Your instructions: In your copy of the data, keep every word exact and include no pictures.

═══ Exercise inputs

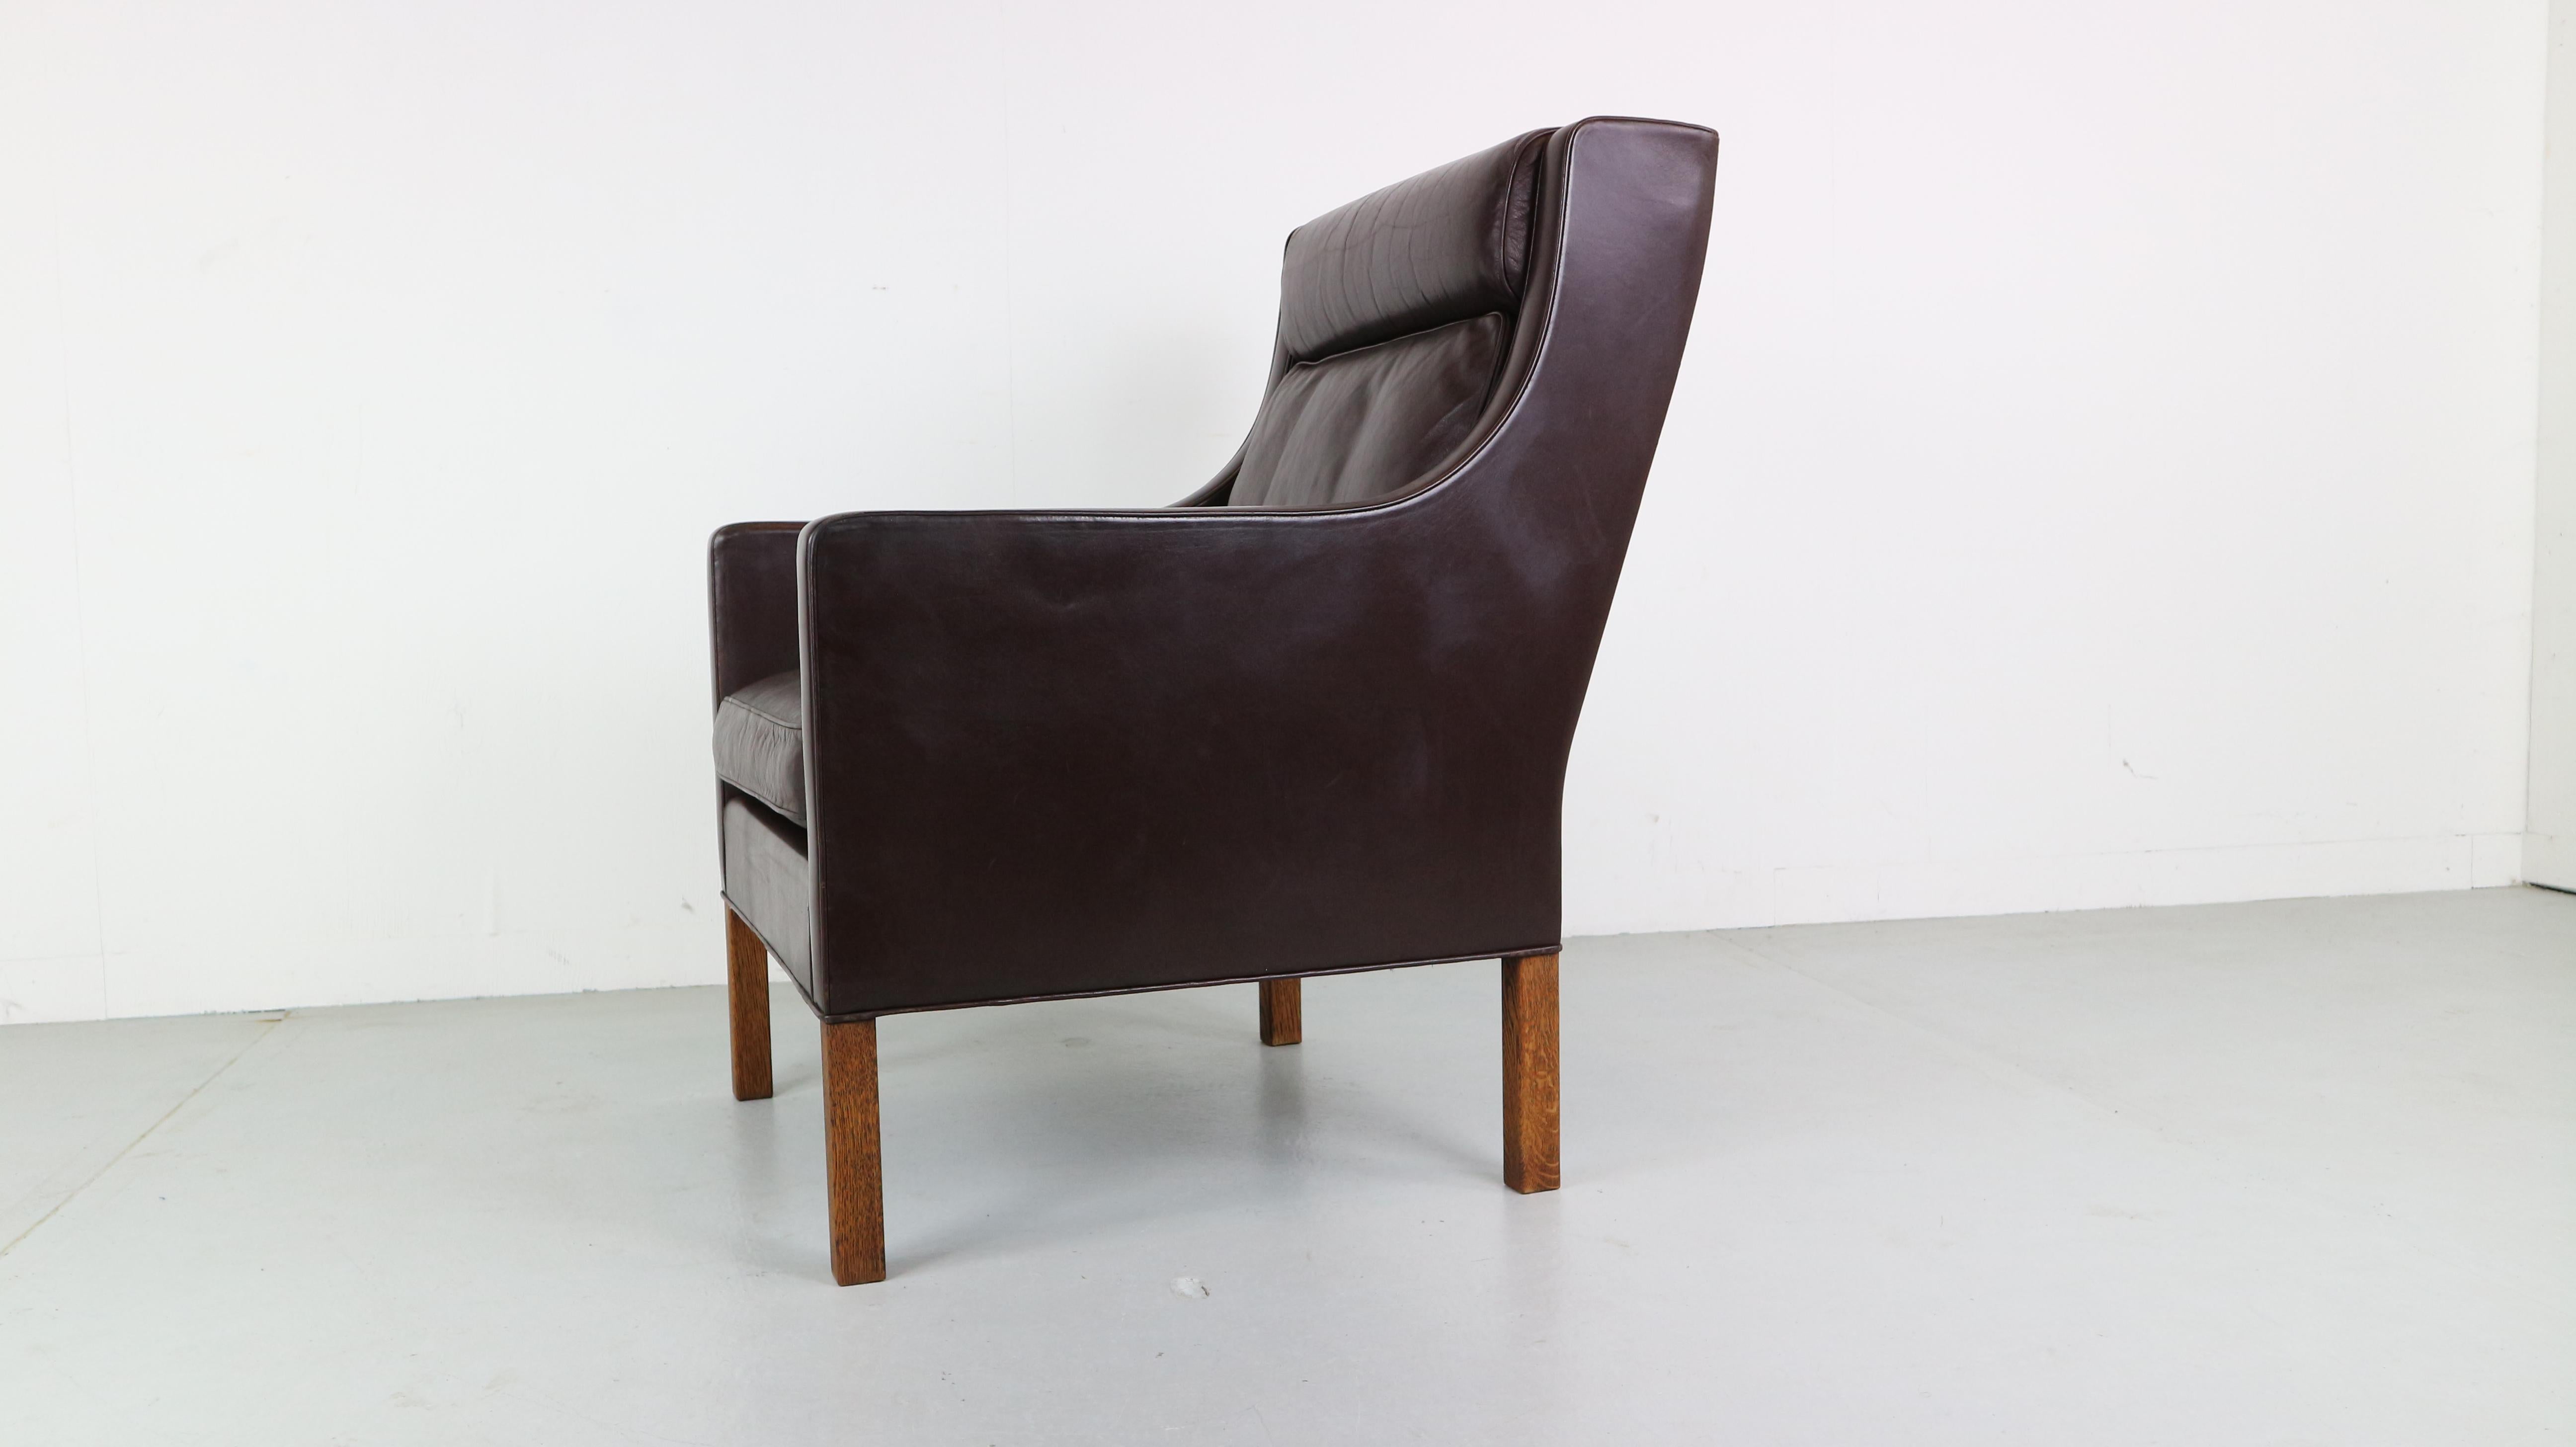 This model 2431 high lounge chair with deep-brown leather and solid oak legs was designed by Børge Mogensen in the 1960s. This lounge chair was made in the 1970s by Fredericia Furniture in Denmark and is very comfortable, with the cushions remaining
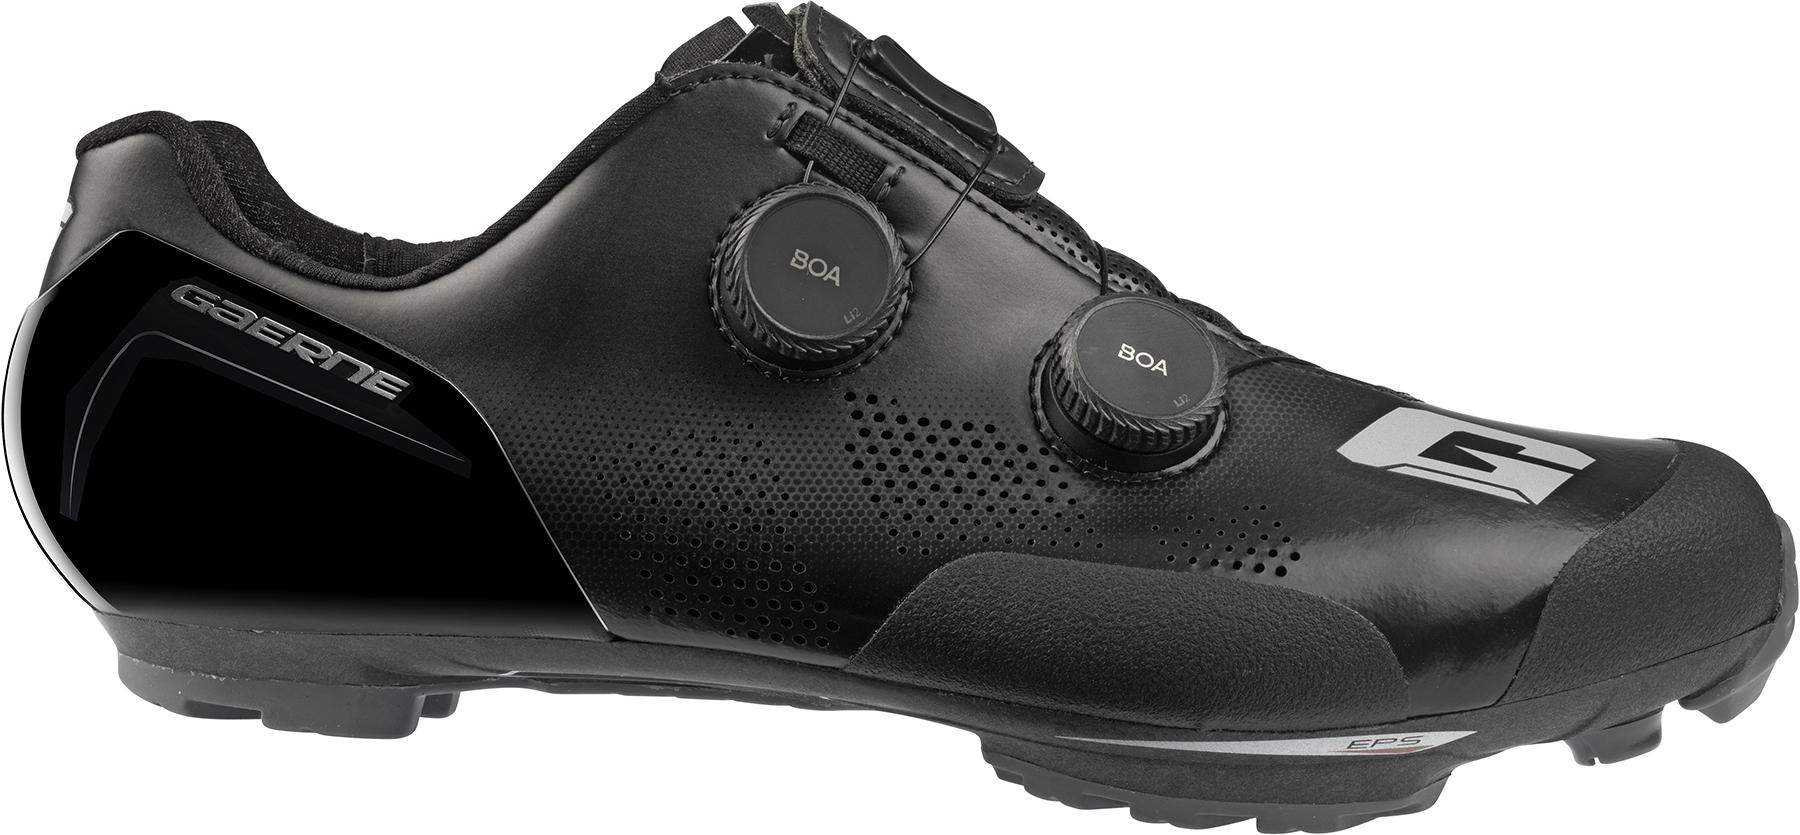 Gaerne Carbon G. SNX Shoes | cycling shoes
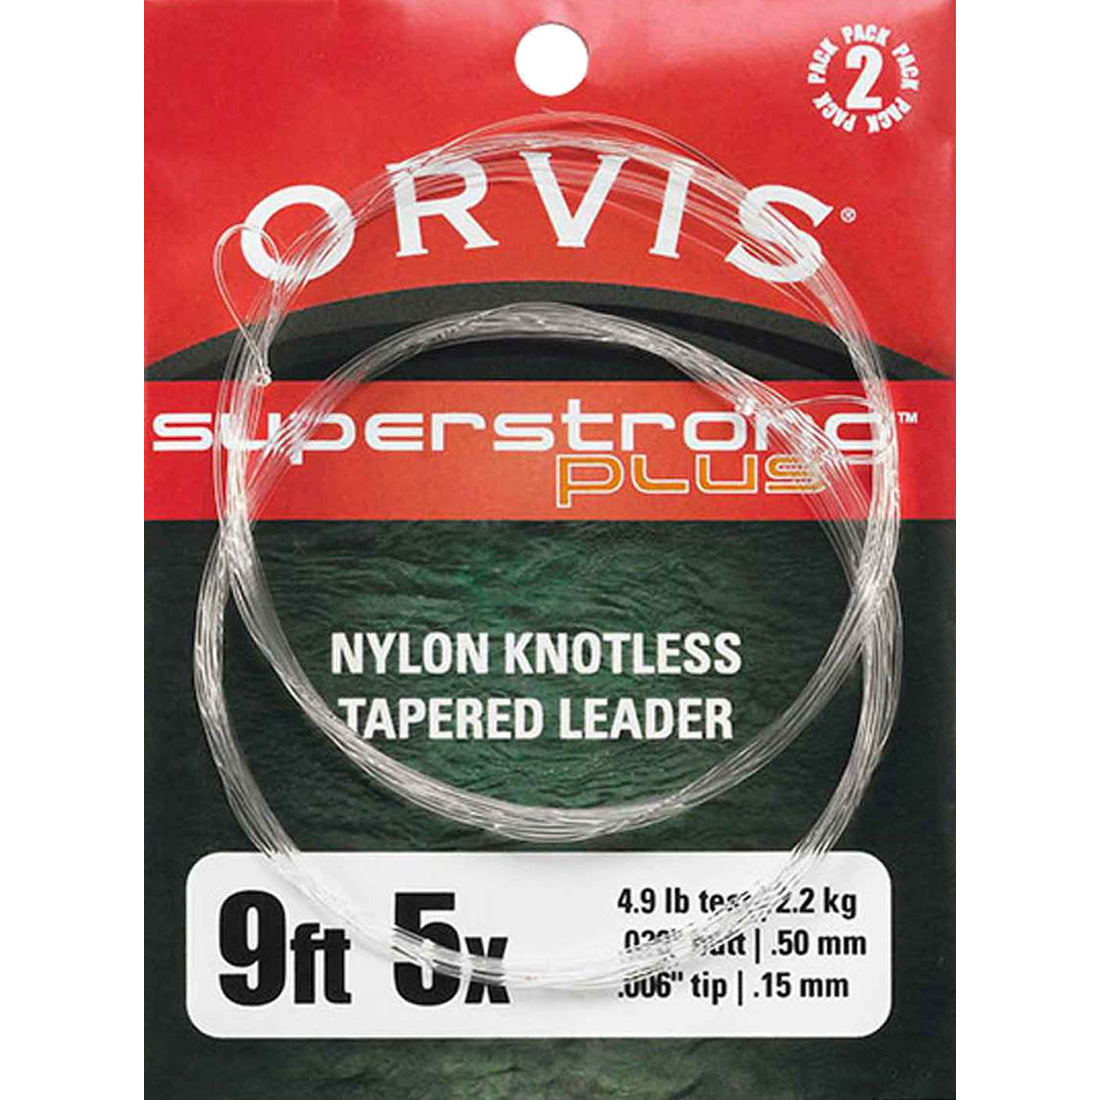 Orvis SuperStrong Plus Leader 2pk
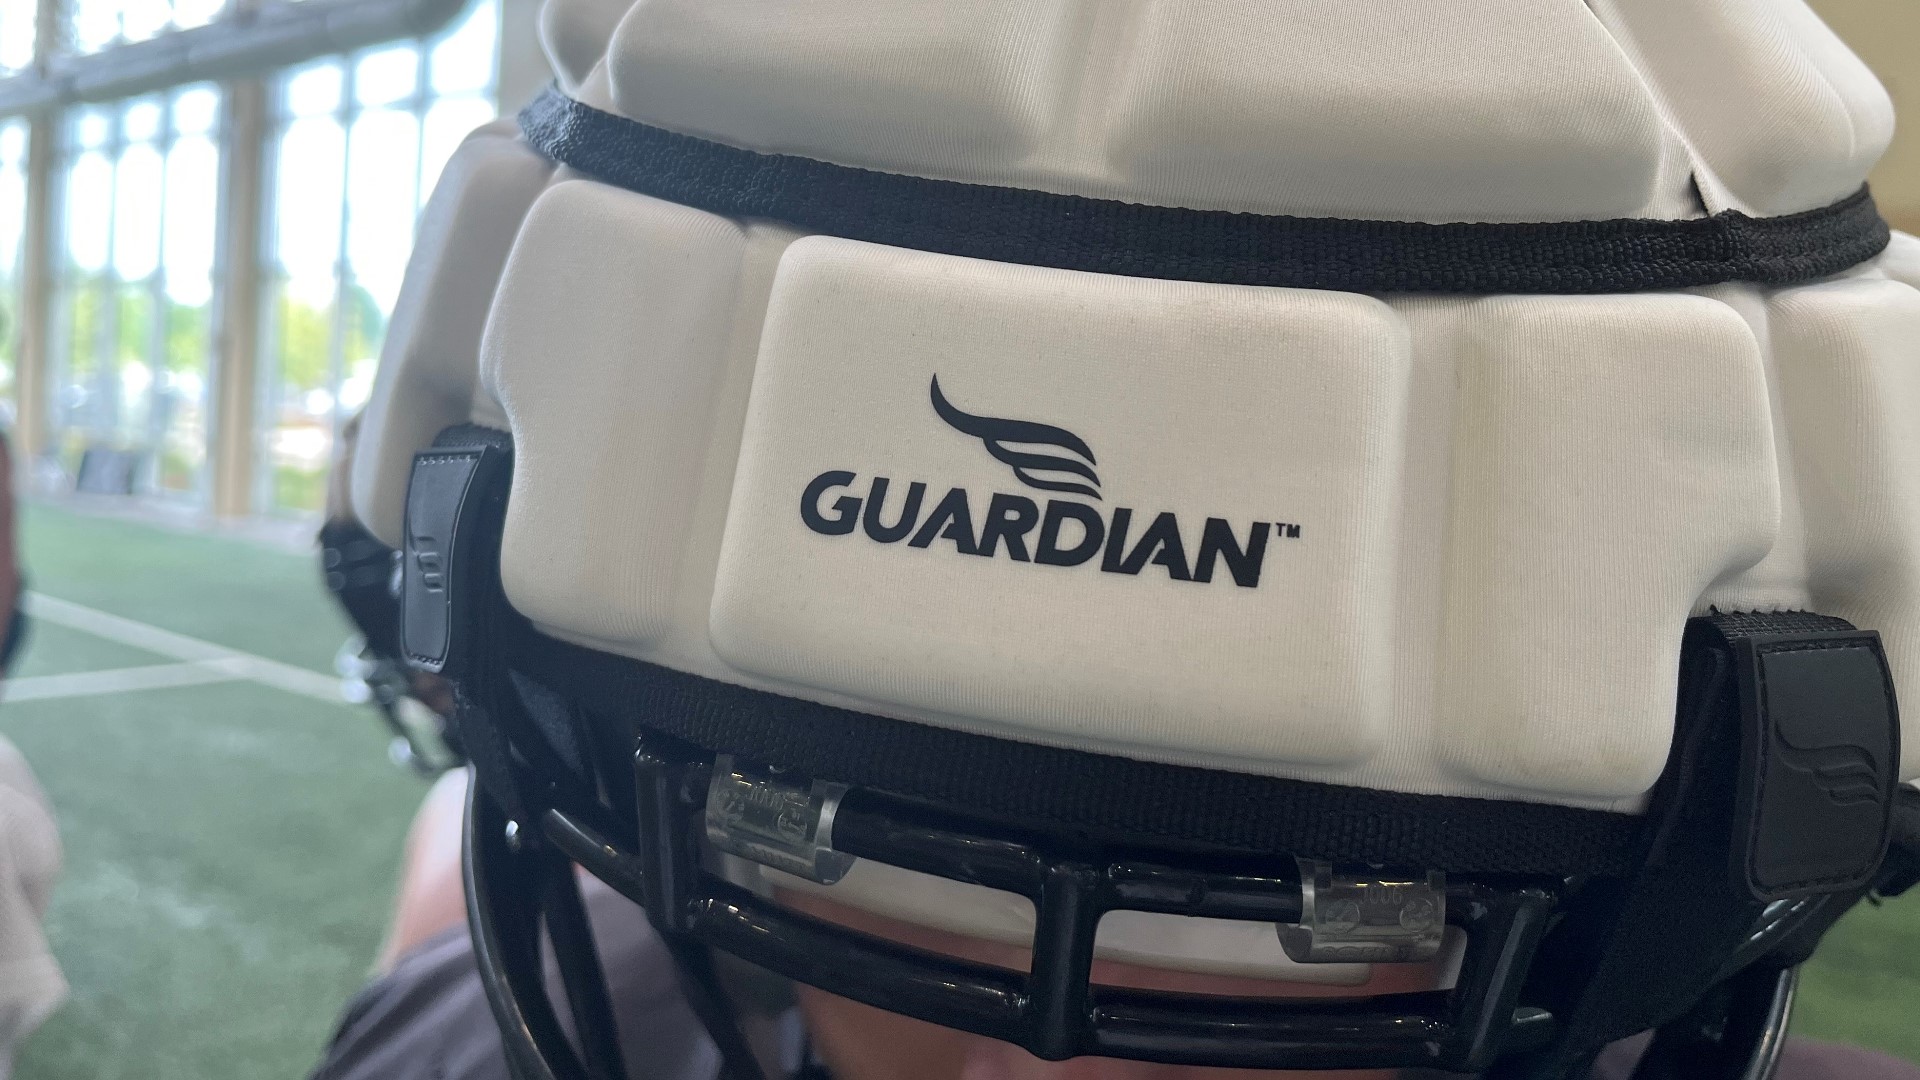 When the Park High football team takes the field at TCO Stadium Thursday, they'll be the first team in the state — maybe even the country — to play in Guardian Caps.
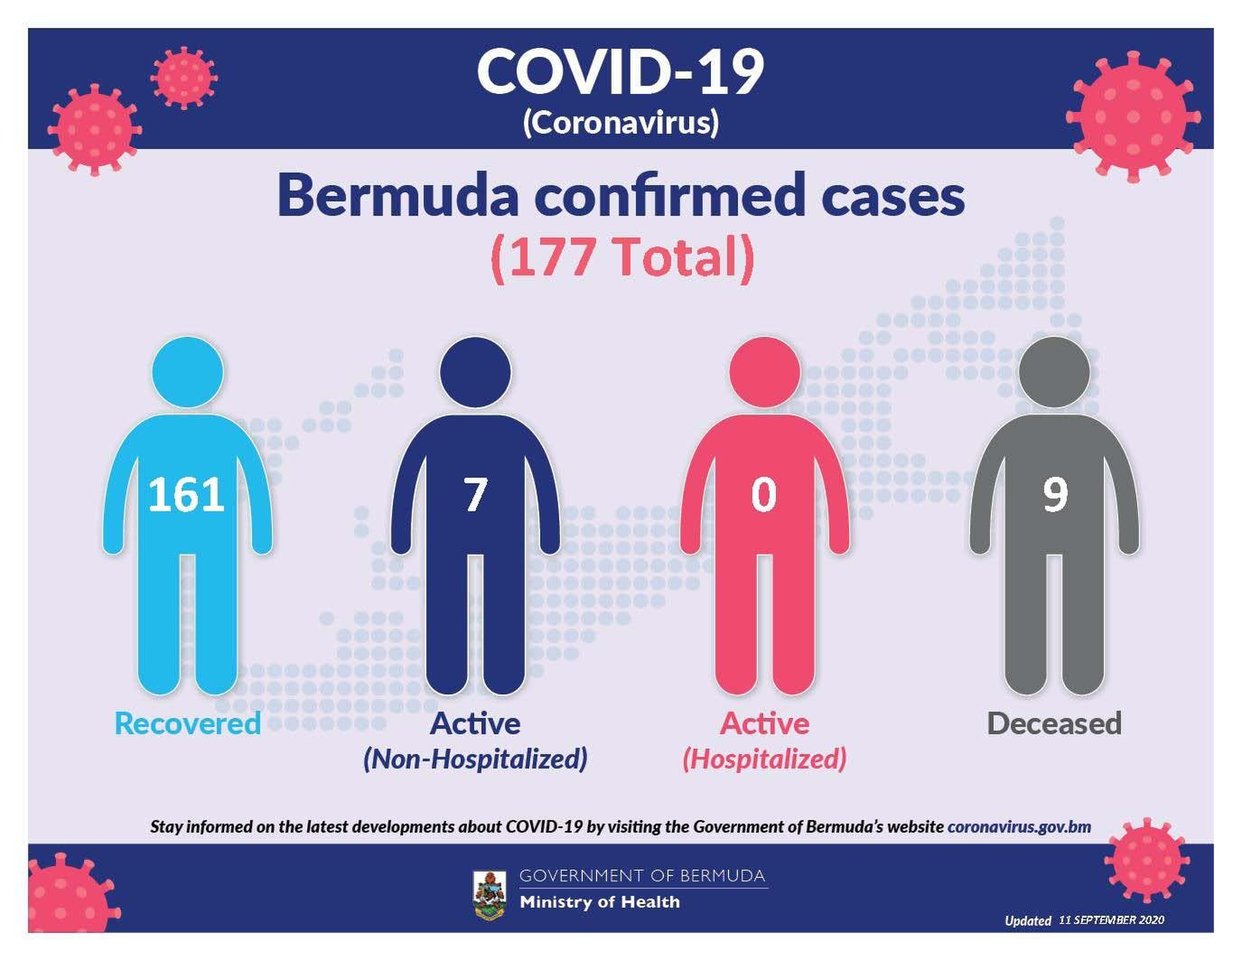 No new COVID-19 cases reported in Bermuda, 11 September

══════

Task result:
 This model 2431 high lounge chair with deep-brown leather and solid oak legs was designed by Børge Mogensen in the 1960s. This lounge chair was made in the 1970s by Fredericia Furniture in Denmark and is very comfortable, with the cushions remaining
 Gaerne Carbon G. SNX Shoes | cycling shoes
 Orvis SuperStrong Plus Leader 2pk
 When the Park High football team takes the field at TCO Stadium Thursday, they'll be the first team in the state — maybe even the country — to play in Guardian Caps.
 No new COVID-19 cases reported in Bermuda, 11 September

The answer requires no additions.